There was nothing emotionally laden in my statement. You imply that God works benignly behind the scenes to make you want to do what He has ordained you will do. You imply that it is a non-violent action. I merely pointed out that there are circumstances that are most defiantly violent that result in actions a person may well have done otherwise. Don't accuse me of using emotional tactics and then refuse to address the point I was making.Ask Mr. Religion said:These emotionally laden tactics do not move the discussion forward. I have described compatibilism in painful detail, which clearly reconciles God's sovereignty and man's responsibility. Again, you are trying to convey God as the author of sin, and I just won't abide by it. Please offer up substantive scriptural support, make cogent statements, or ask pointed questions. This discussion is very one-sided at present. I am doing the heavy lifting while you respond with generalizations and sentimentalities.
Where did I say God is not wholly sovereign? I believe my exact words were, "in fully sovereign control over that creation." Fully and Wholly are synonymous in this case. Again, you imply something about the garbage in my life that I did not say. I said God did not ordain or plan the garbage in my life, or Job's or Josephs. But God take the garbage in our lives and turn it into something good.Ask Mr. Religion said:Perhaps we should have started here. Where is your biblical support that God is strictly a 'big picture' God and not the wholly sovereign God? Do you think "all the garbage" that happened to Job was not ordained? To Joseph? You think "all the garbage" in your life has no meaning to God?
An interesting note about Job. Job is frequently offered as an example of God ordaining bad things in peoples lives. Look at the story closely. God did not ordain a single thing that happened to Job. Satan came to God and asked to test Job. God said fine you may do anything you want but you may not hurt Job. God did not tell Satan what to do to Job, only what not to do. God only told Satan what not to do. Job remained faithful to God and God restored Job in the end.

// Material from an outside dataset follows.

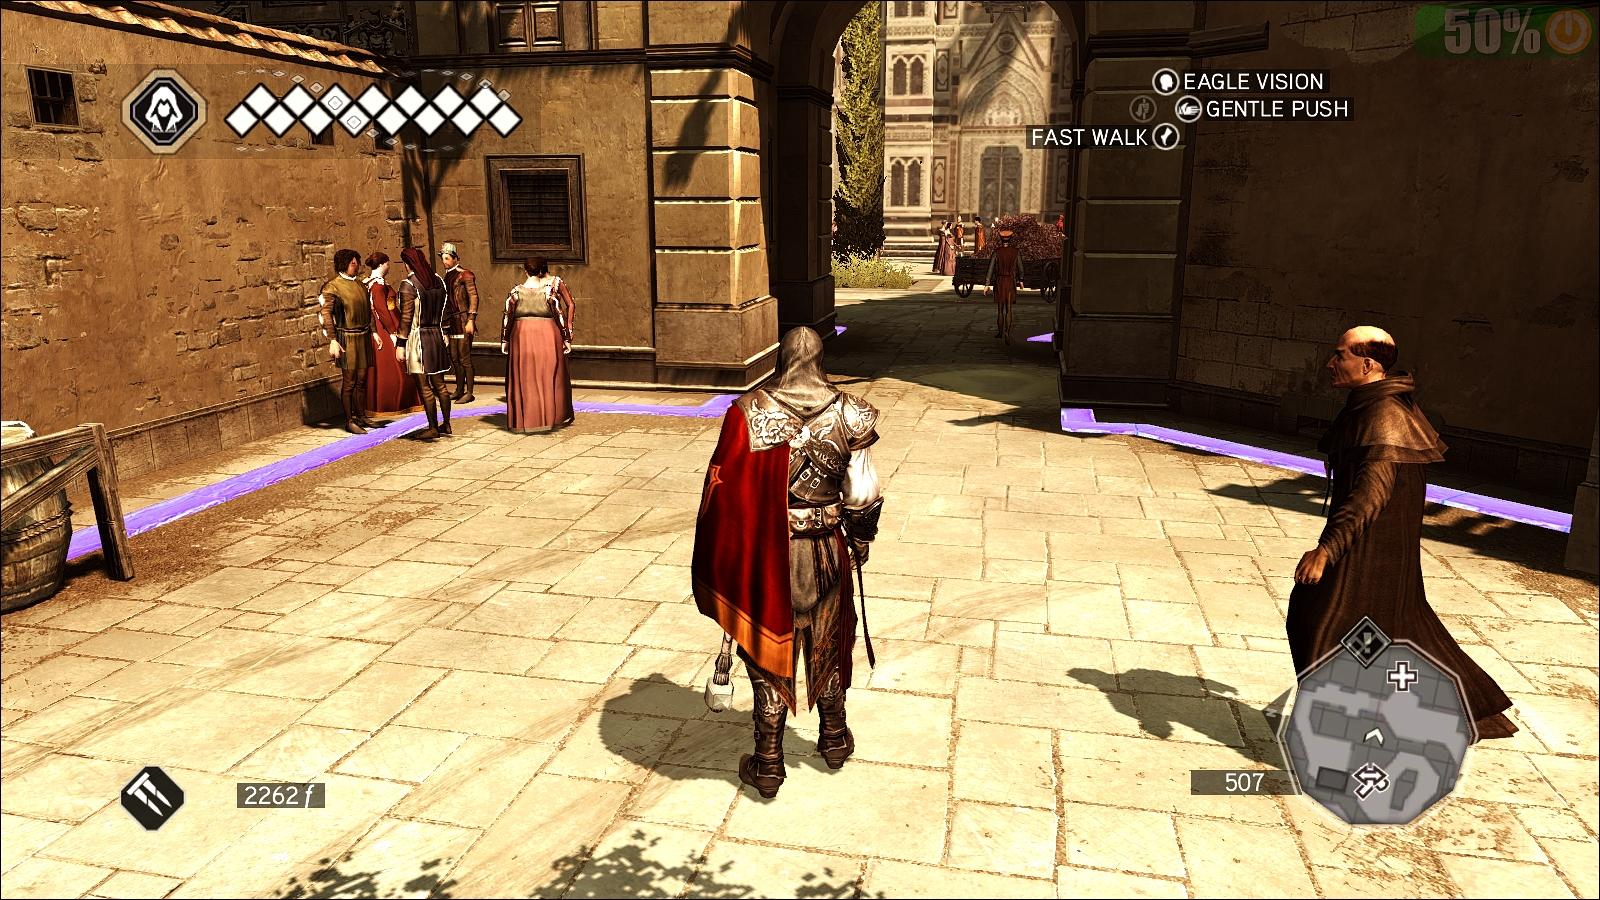 AssassinsCreedIIGame.exe_DX9_20140211_163758.jpg

I think that during OT times for sure, God had plans for people like Joseph and Moses and Noah and David. I think that God may have been much more active in these peoples lives than in the everyman's life. That does not mean God loves the everyman less, it just means that God had plans that required leaders to be tempered so God tempered them.
God has a plan. God will make that plan come to fruition. But God is so powerful, that He does not have to micro-manage the details to work His wholly sovereign will upon His creation.